M. [R] [K] a contesté cette décision et a bénéficié d’une expertise médicale qui a été réalisée le 4 novembre 2021. Le docteur [X] est arrivé aux mêmes conclusions que le médecin-conseil, retenant qu’il n’existait dans le certificat médical initial aucun traumatisme du membre inférieur droit et que par ailleurs « le genou droit présente un état antérieur à type de rupture ligamentaire et arthrose expliquant tout à fait la symptomatologie actuelle de poussée inflammatoire ».
S’agissant des documents médicaux versés aux débats par M. [K], y compris ceux postérieurs à l’expertise médicale, les premiers juges ont parfaitement retenu que dans son certificat médical établi le 7 décembre 2021, le Docteur [S], médecin traitant de l’assuré, n’établissait pas l’existence d’un lien entre les lésions constatées au niveau du genou droit le 30 juin 2021 et l’accident du travail du 18 mai 2020. Il évoque simplement les difficultés à la marche pour son patient depuis cet accident avec une sollicitation accrue du membre inférieur droit. Mais comme il a été indiqué précédemment le genou droit présente un état antérieur qui peut expliquer la nouvelle lésion et ce d’autant que M. [K] a bénéficié d’une arthroscopie du genou droit le 31 mai 2021. De même, il indique que dans les suites opératoires, son patient a développé une algodystrophie et que celle-ci peut être favorisée par les troubles de la marche à cause de son pied gauche. Cependant, il ne fait pas de lien entre l’arthrite aseptique et l’accident.
Enfin, de la même manière, le compte-rendu opératoire du docteur [P] concernant l’intervention du 31 mai 2021, comme celui de l’I.R.M. du genou du 9 décembre 2022 ne permettent de faire aucun lien avec l’accident du travail du 18 mai 2020. Ces documents font un bilan de l’état du genou droit de l’appelant, avec manifestement une aggravation des douleurs, mais pas de lien avec le lésion initiale de l’accident du travail.
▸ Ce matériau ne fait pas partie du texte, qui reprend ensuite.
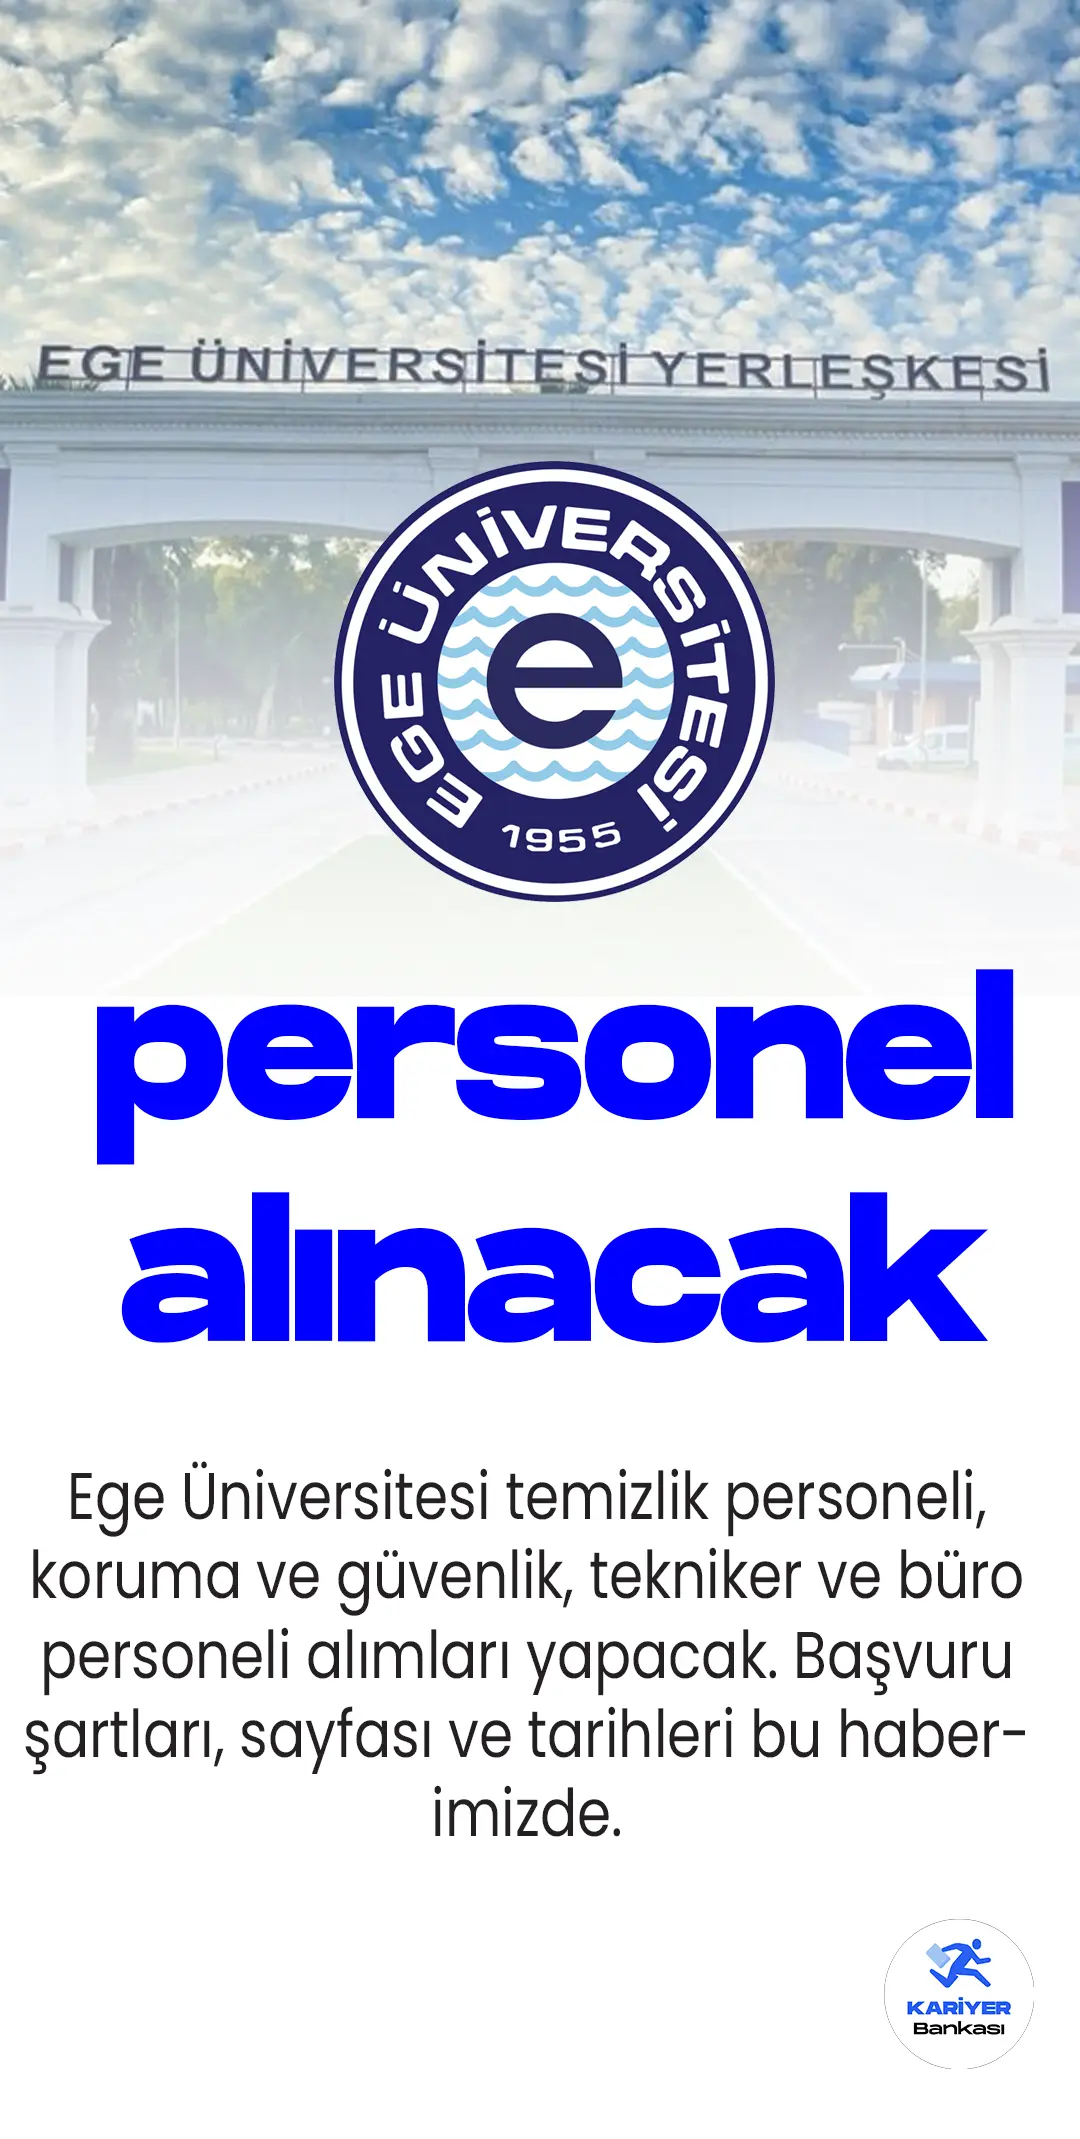 Ege Üniversitesi 77 personel alımı yapacak. Ege Üniversitesi personel alımı başvuru sayfası, şartları ve diğer detaylar bu haberimizde...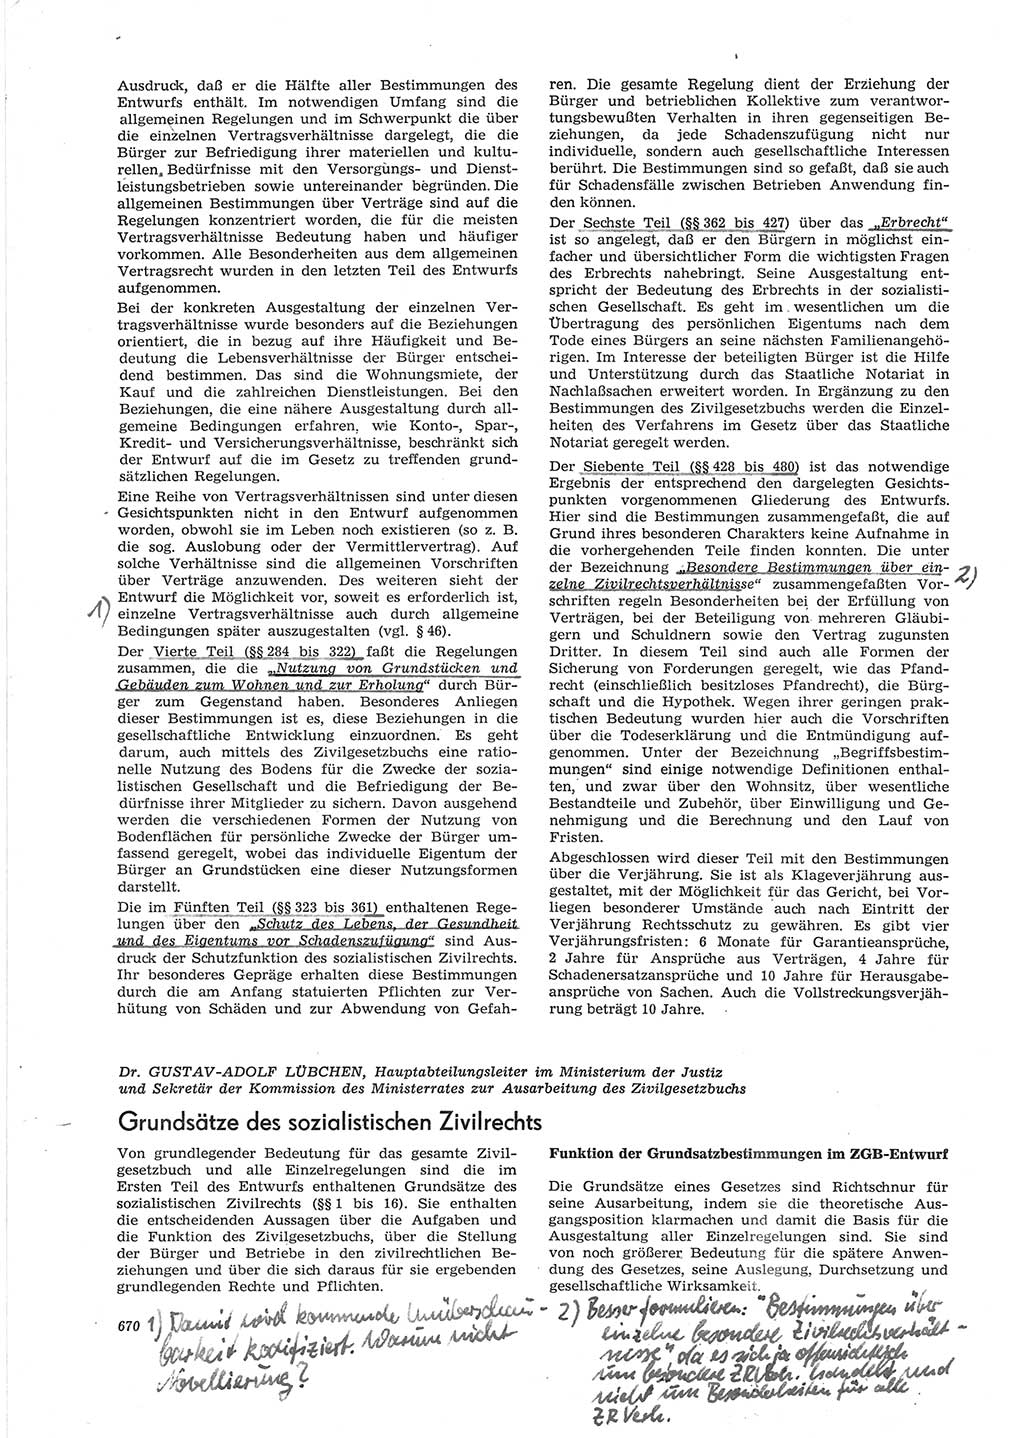 Neue Justiz (NJ), Zeitschrift für Recht und Rechtswissenschaft [Deutsche Demokratische Republik (DDR)], 28. Jahrgang 1974, Seite 670 (NJ DDR 1974, S. 670)

Par conséquent, ces éléments produits aux débats par M. [K] ne sont pas de nature à remettre en cause l’analyse du médecin-conseil et de l’expert désigné par la caisse, ni à justifier la mise en 'uvre d’une expertise médicale judiciaire.
Par conséquent, le jugement est confirmé en toutes ses dispositions.
Les demandes présentées par les parties sur le fondement de l’article 700 du code de procédure civile sont rejetées.
M. [K] est condamné au paiement des dépens d’appel.
PAR CES MOTIFS
La cour, statuant publiquement par arrêt contradictoire mis à disposition au greffe:
Confirme le jugement du pôle social du tribunal judiciaire d’Angers du 13 novembre 2023 en toutes ses dispositions ;
Y ajoutant ;
Rejette les demandes présentées par les parties sur le fondement de l’article 700 du code de procédure civile ;
Condamne M. [R] [K] au paiement des entiers dépens d’appel.